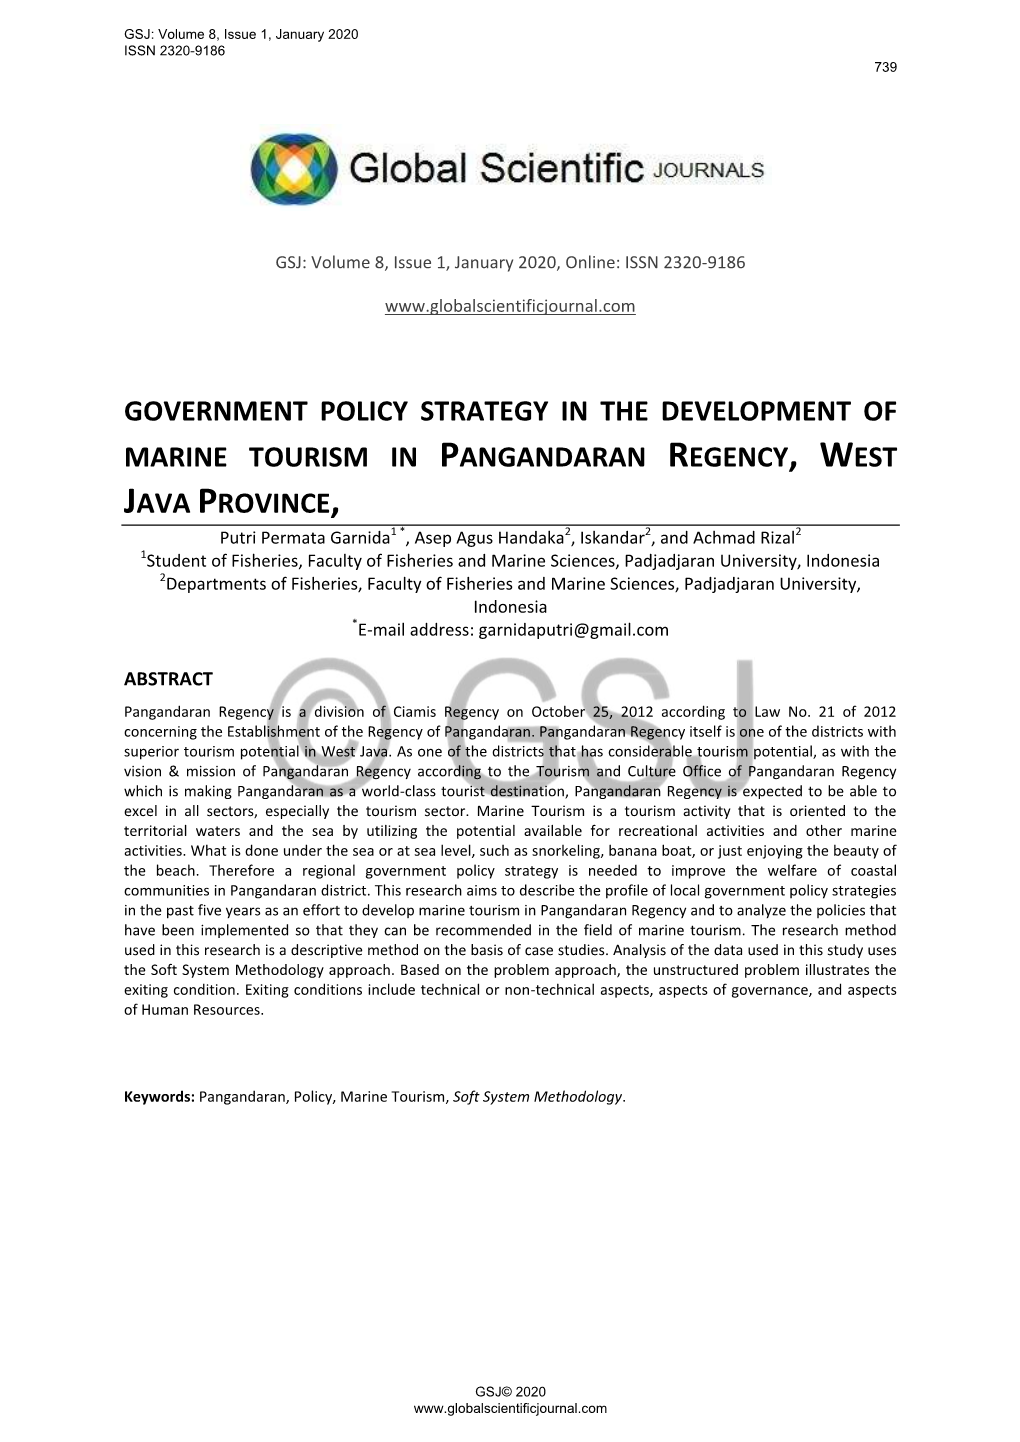 Government Policy Strategy in the Development of Marine Tourism in Pangandaran Regency, West Java Province
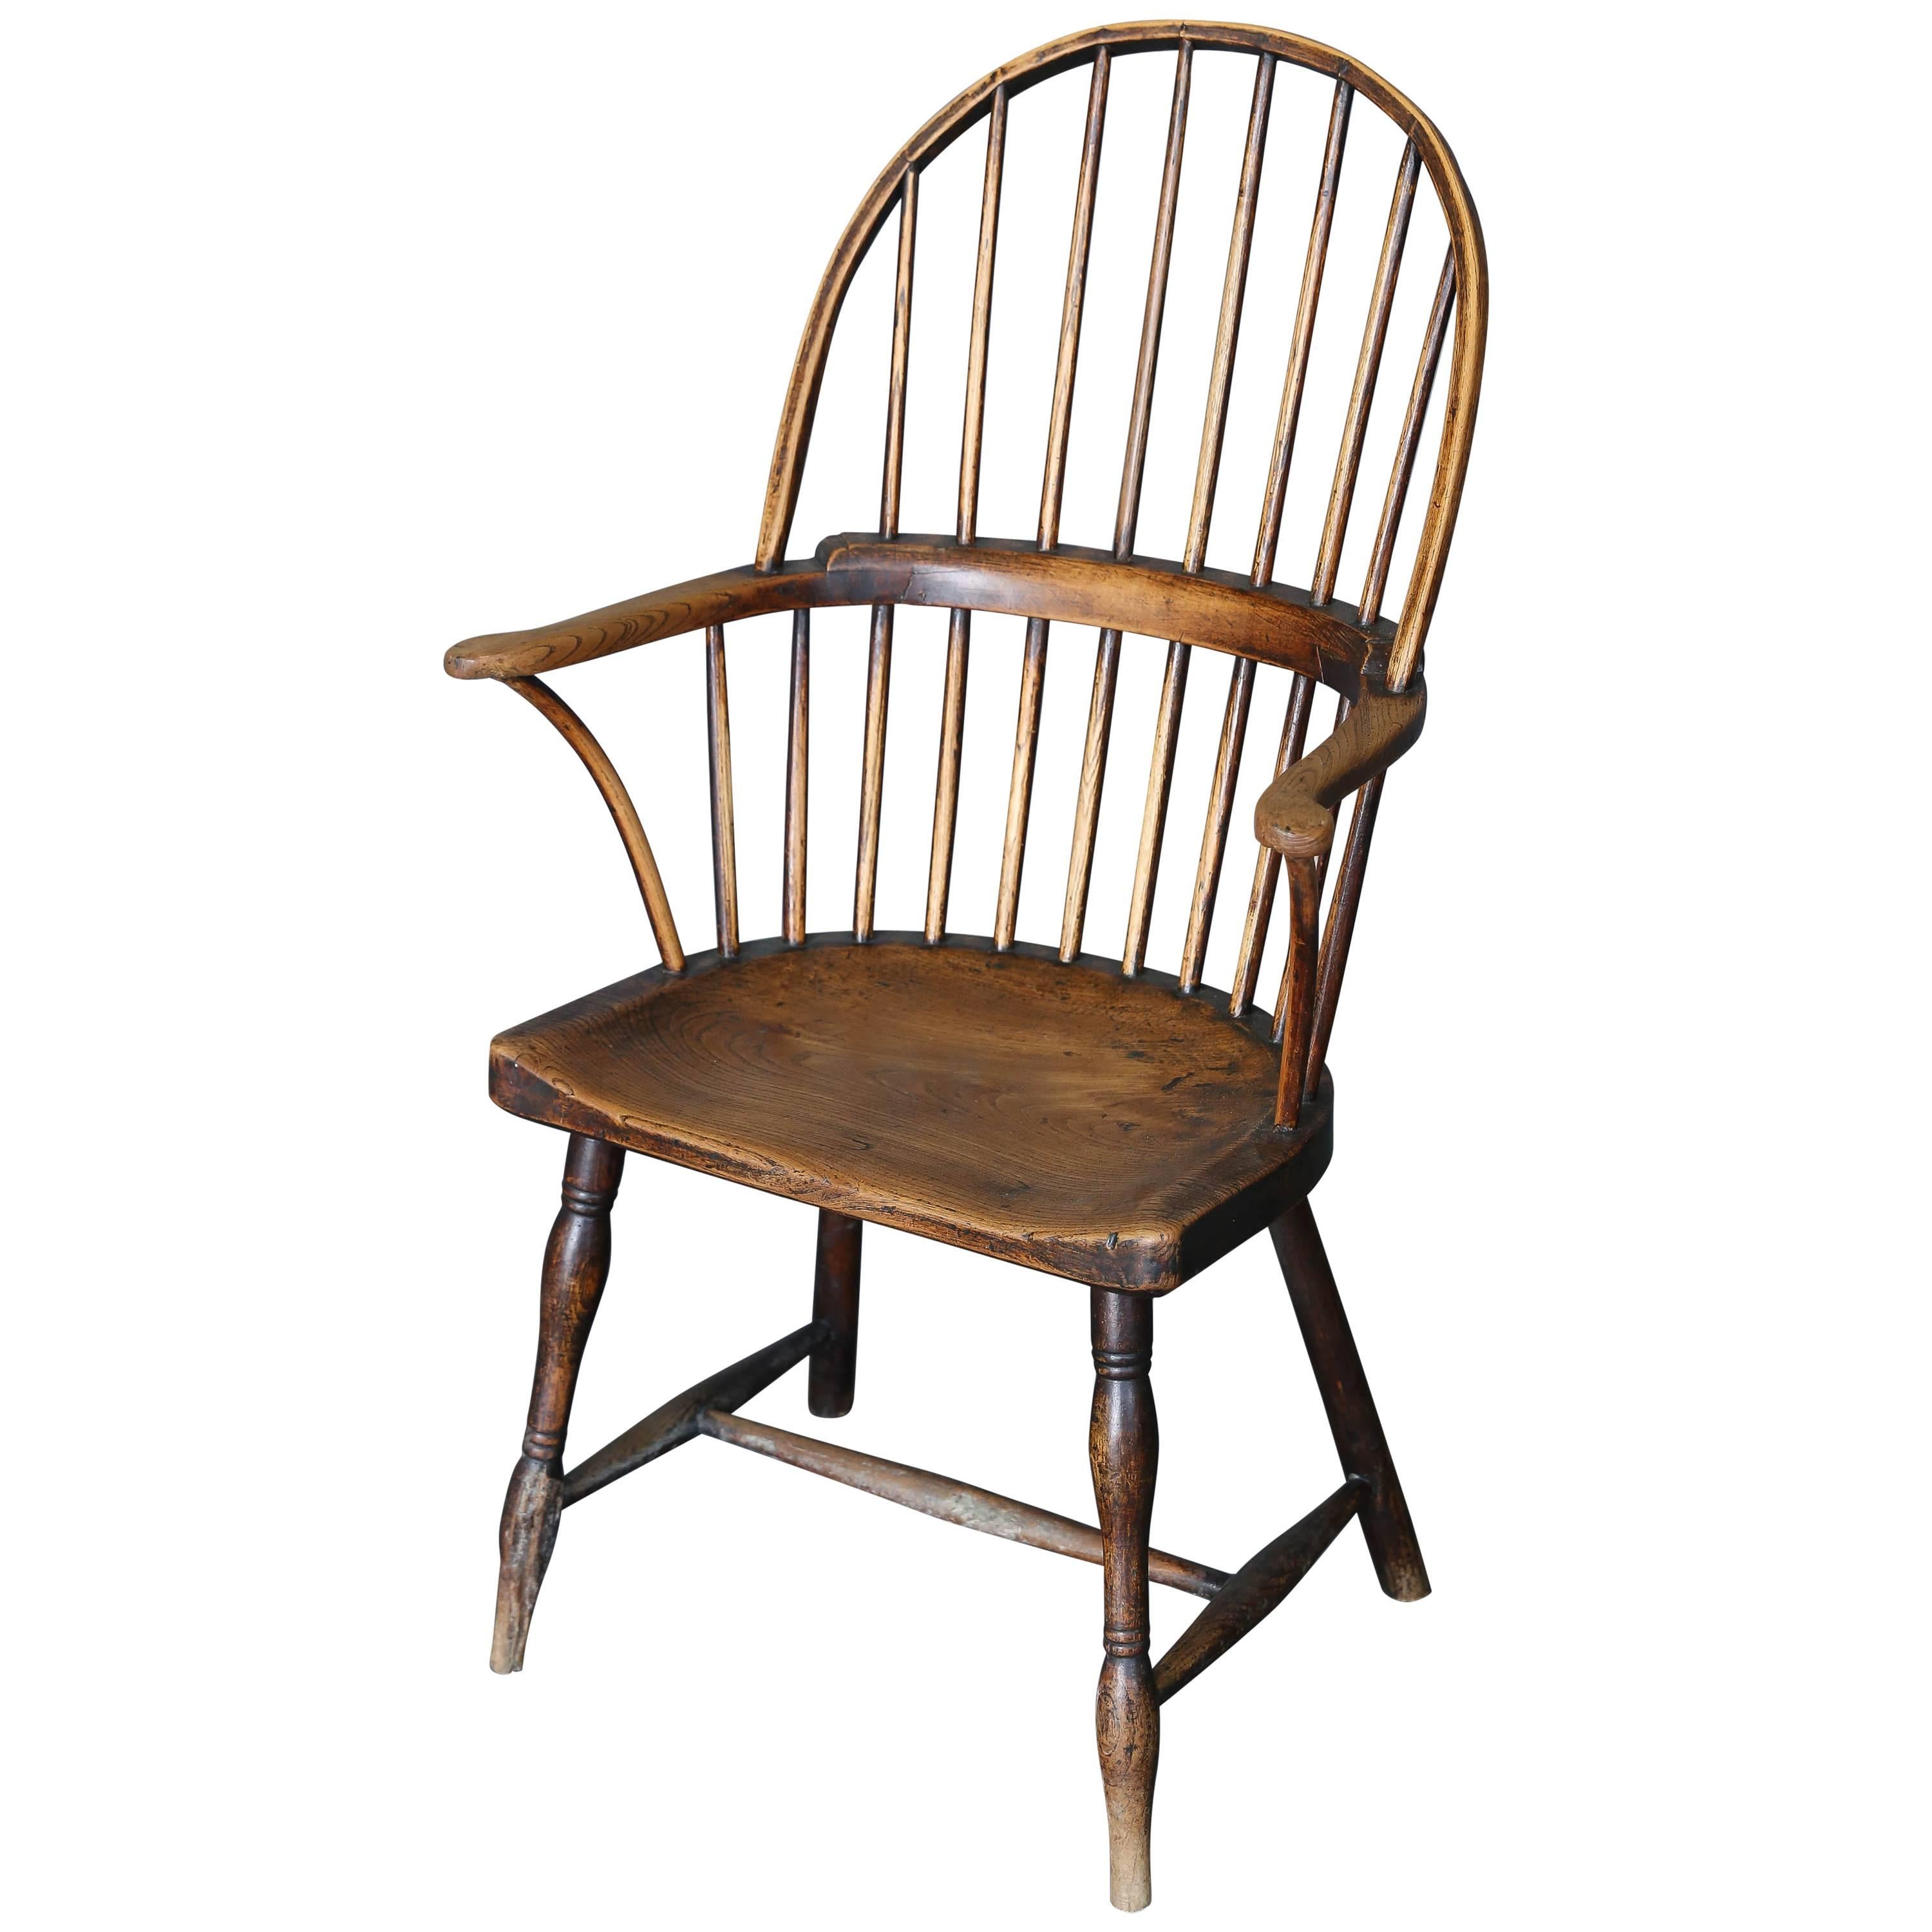 Antique 18th Century Ash and Elm Windsor Chair
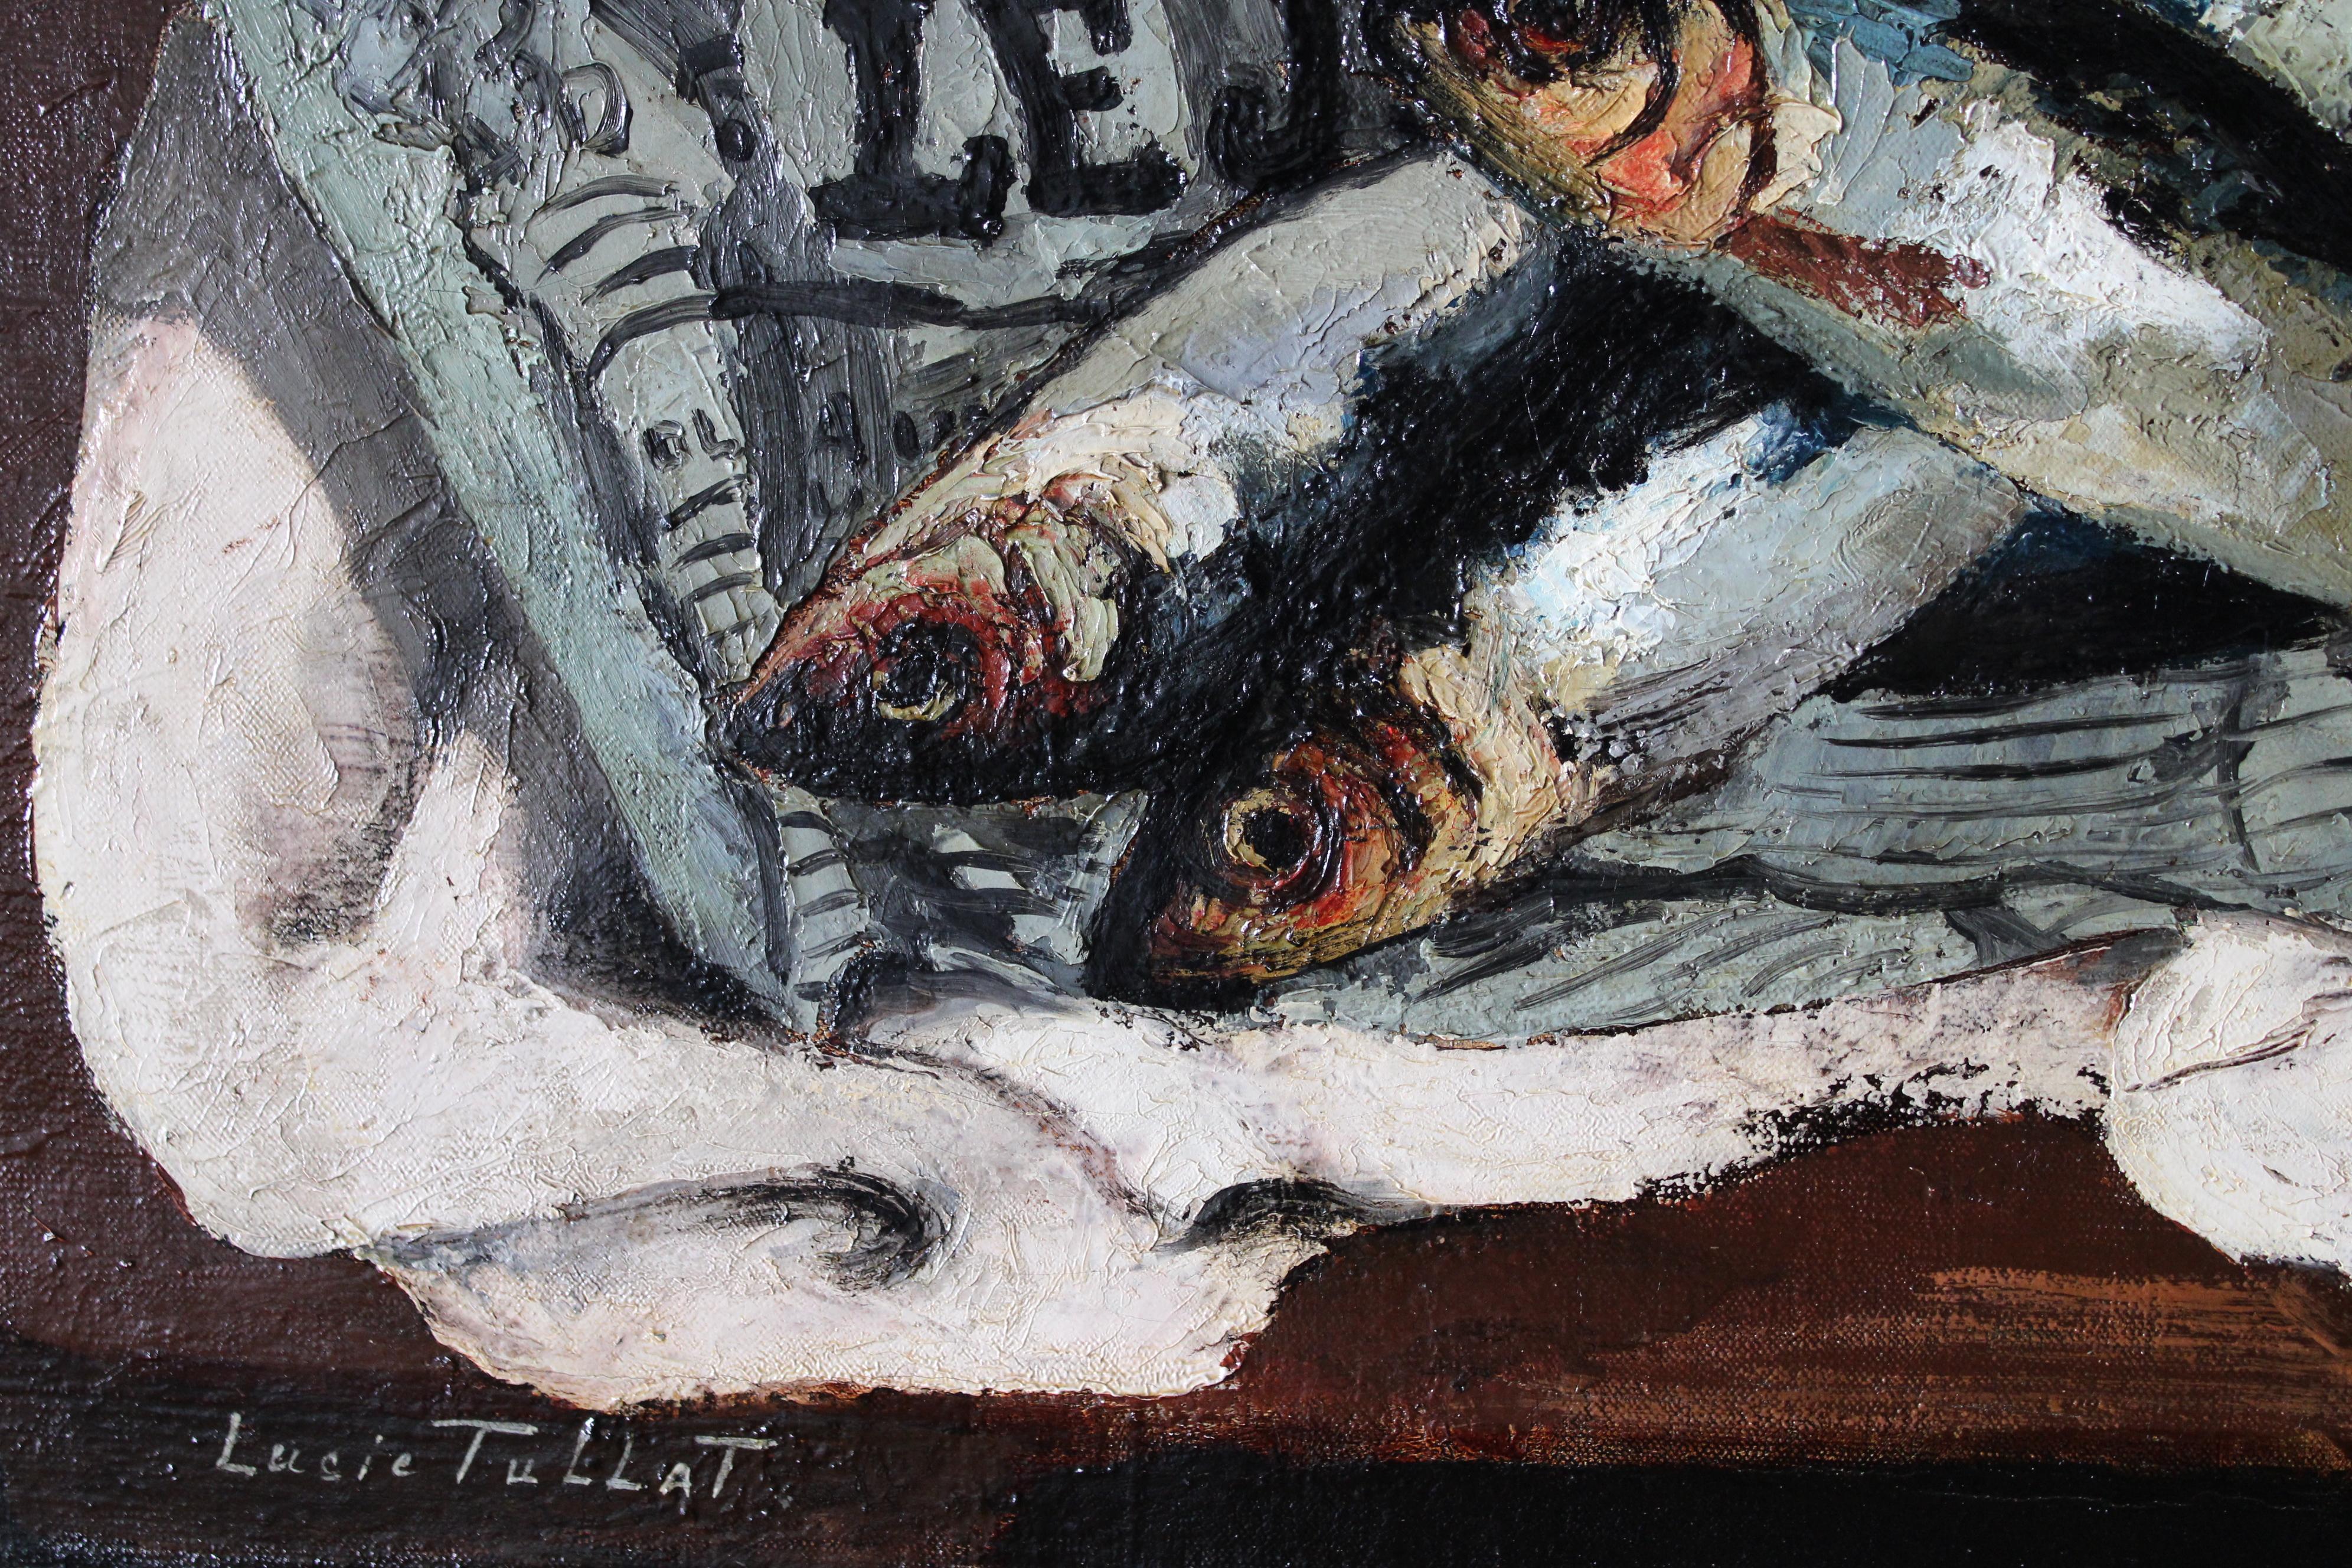 Rare vintage oil painting of sardines on French newspaper by French artist Lucie Tullat (1895-1984).  A chiaroscuro painting, where the darkness of the background focuses your eye on the detailing of the fish in the fore which the artist has carved

Instructions for the task: In transcribing the listing, keep each word as it is and drop the pictures.

Worked solution:
 Government Policy Strategy in the Development of Marine Tourism in Pangandaran Regency, West Java Province
 Antique 18th Century Ash and Elm Windsor Chair
 Rare vintage oil painting of sardines on French newspaper by French artist Lucie Tullat (1895-1984).  A chiaroscuro painting, where the darkness of the background focuses your eye on the detailing of the fish in the fore which the artist has carved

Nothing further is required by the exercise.